2. **Model Training**
- Fitting the model on training data: `model.fit(X, y)`.
- Optimising parameters and hyperparameters.
3. **Prediction and Evaluation**
- Making predictions on unseen data: `model.predict(X)`.
- Comparing predictions ($$\hat{y}$$) with actual values ($$y$$).
::prose-img
---
src: /writings/ML/model.png
label: Modelization in Progress
caption: Modelization in Progress
---
::
Evaluation is a crucial step to verify the performance of a model. For regression problems, the R² score is a key indicator.
## 5 - Evaluating Models: The R² Score
For regression problems, the **R² score** measures the proportion of the targets variance explained by the model:
$$R^2 = 1 - \frac{\text{SS}_{\text{residual}}}{\text{SS}_{\text{total}}}$$ where:
- $$\text{SS}_{\text{residual}}$$ : Sum of squared residuals between actual and predicted values.
- $$\text{SS}_{\text{total}}$$ : Total sum of squares relative to the targets mean.

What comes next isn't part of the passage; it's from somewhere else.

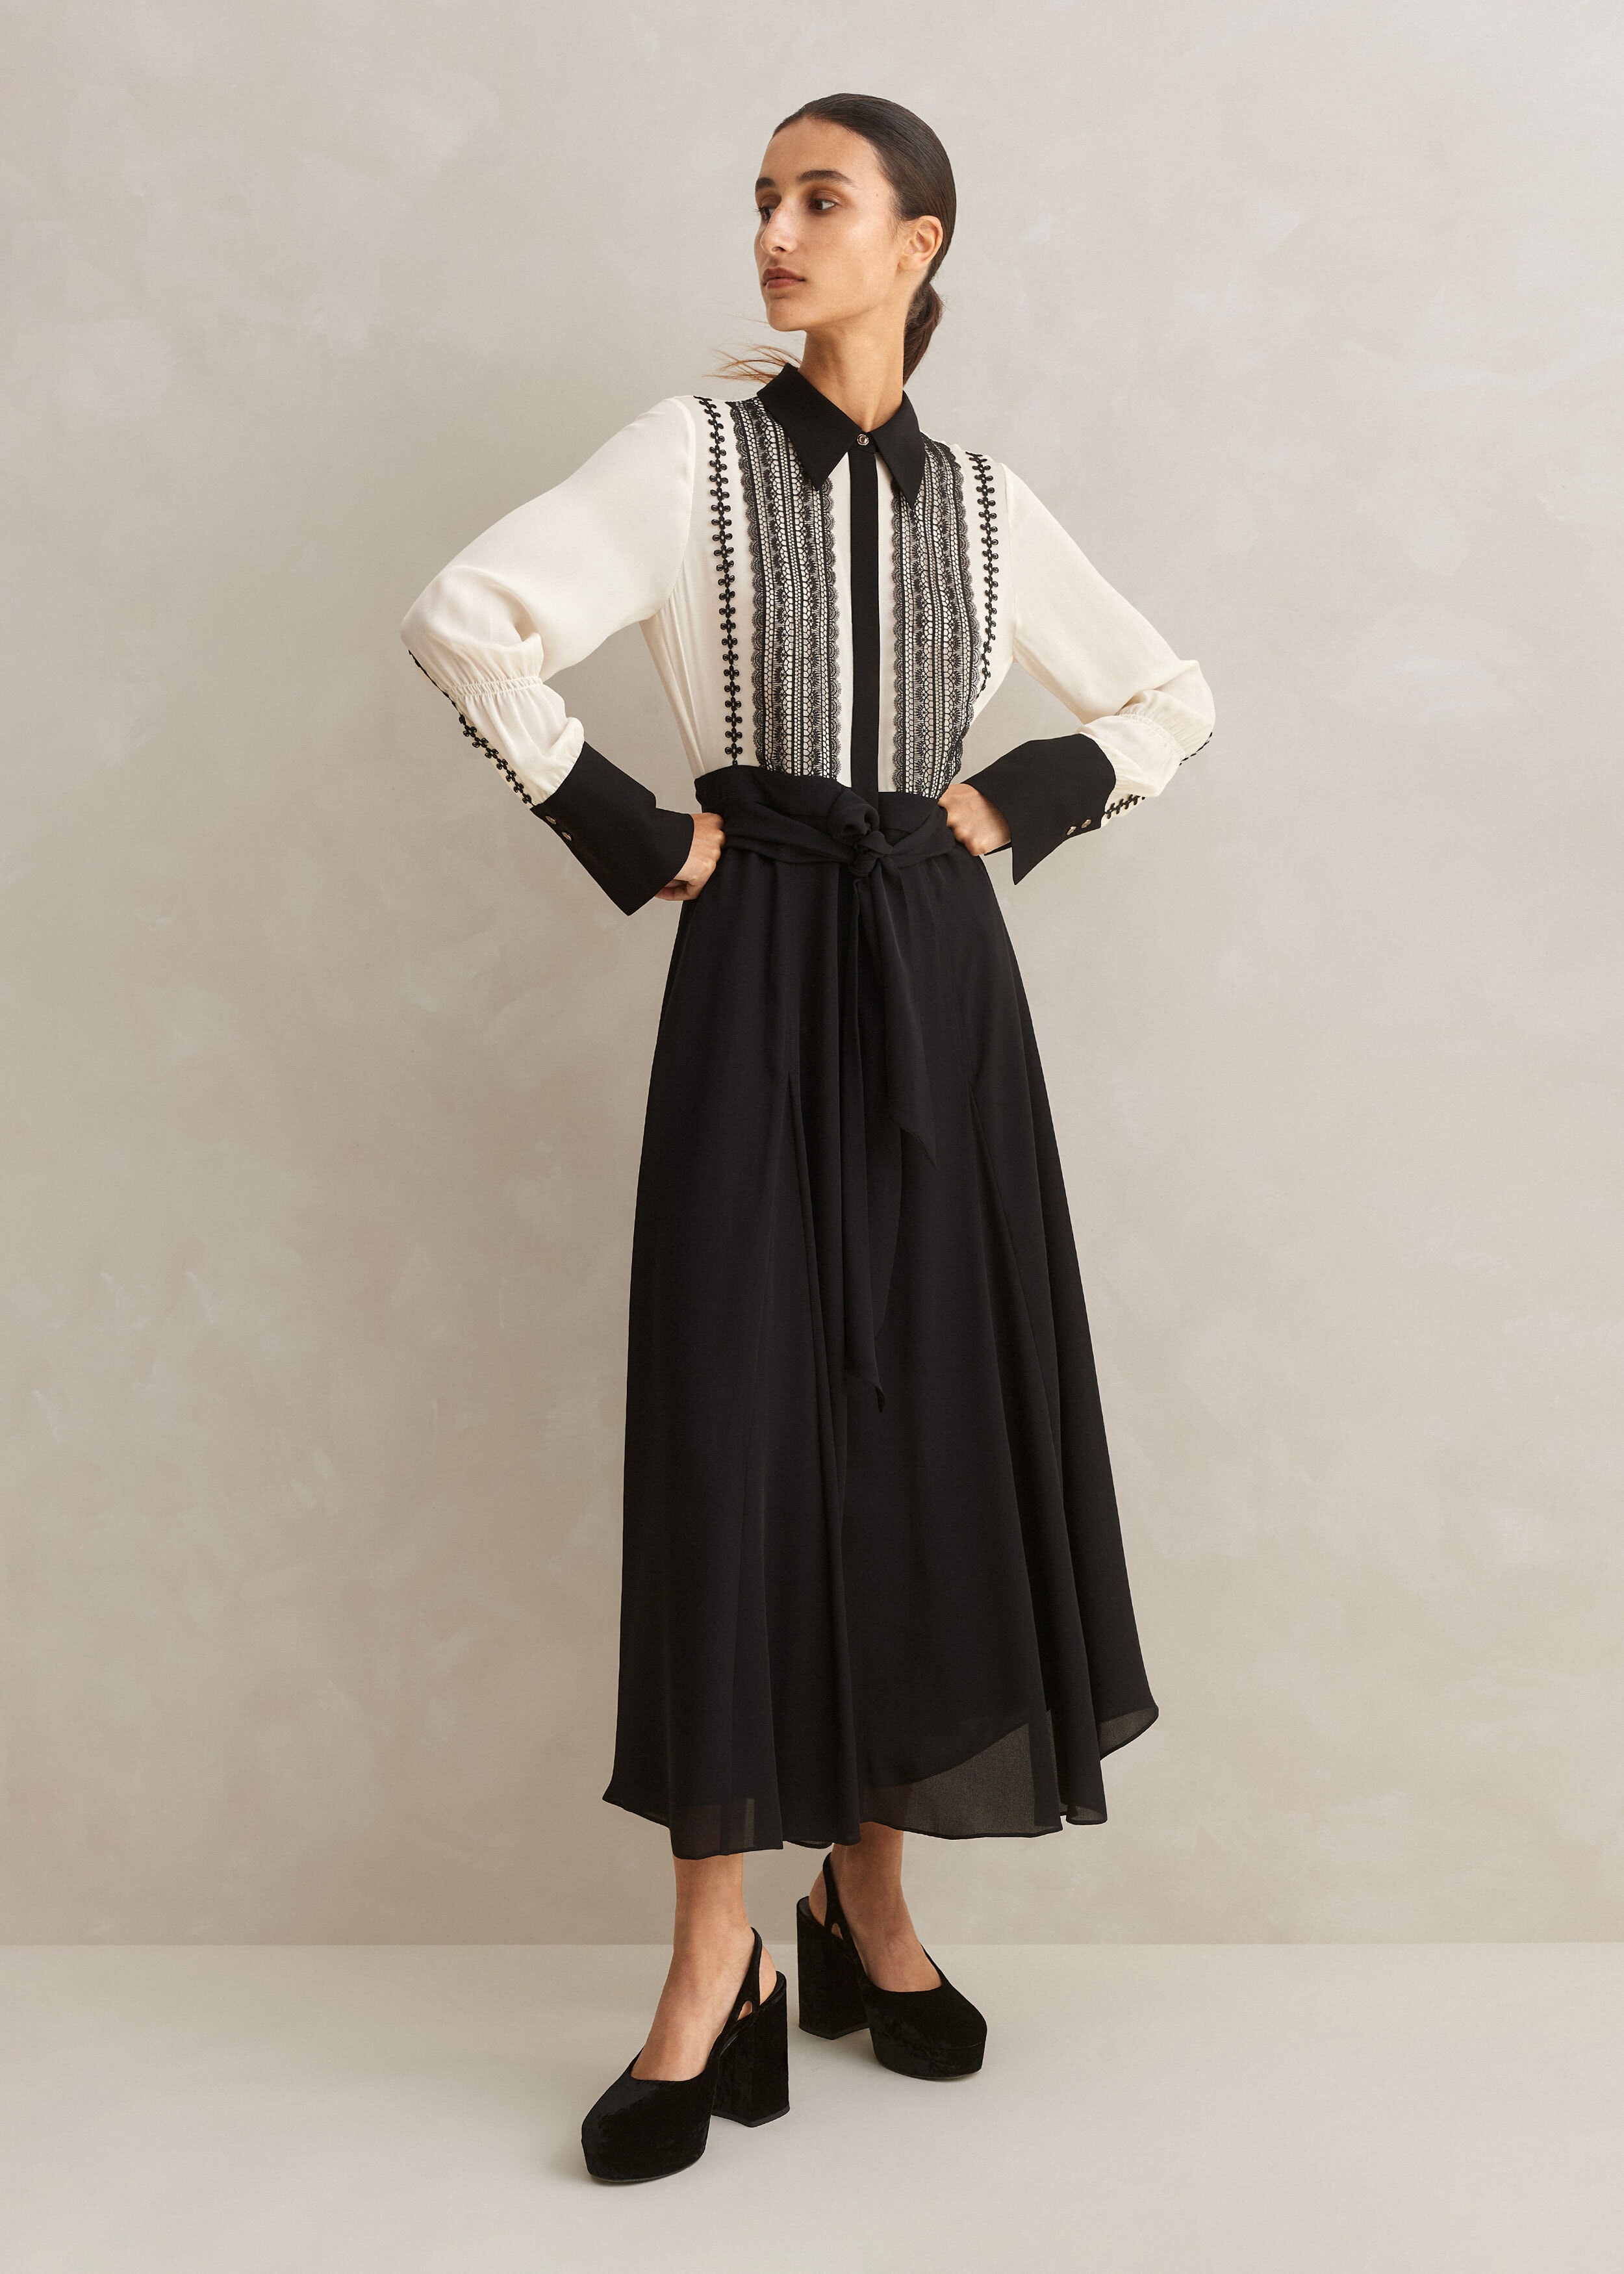 Georgette Dress + Silk Shirt Maxi Cream/Black Lace Belt

A $$R^2$$ close to 1 indicates a good fit.
::prose-img
---
src: /writings/ML/r2.png
label: R² Score
caption: R² Score
---
::
With these concepts in mind, you are better equipped to understand and apply ML models in your projects.
## 6 - Conclusion
Machine learning is revolutionising how we solve complex problems using data. Supervised, unsupervised, and reinforcement learning approaches allow us to tackle a wide variety of use cases. In supervised learning, the model choice depends on the problem type, its complexity, and the appropriate algorithmic approach. Finally, a structured workflow and metrics like the R² score ensure the quality of predictions and analyses.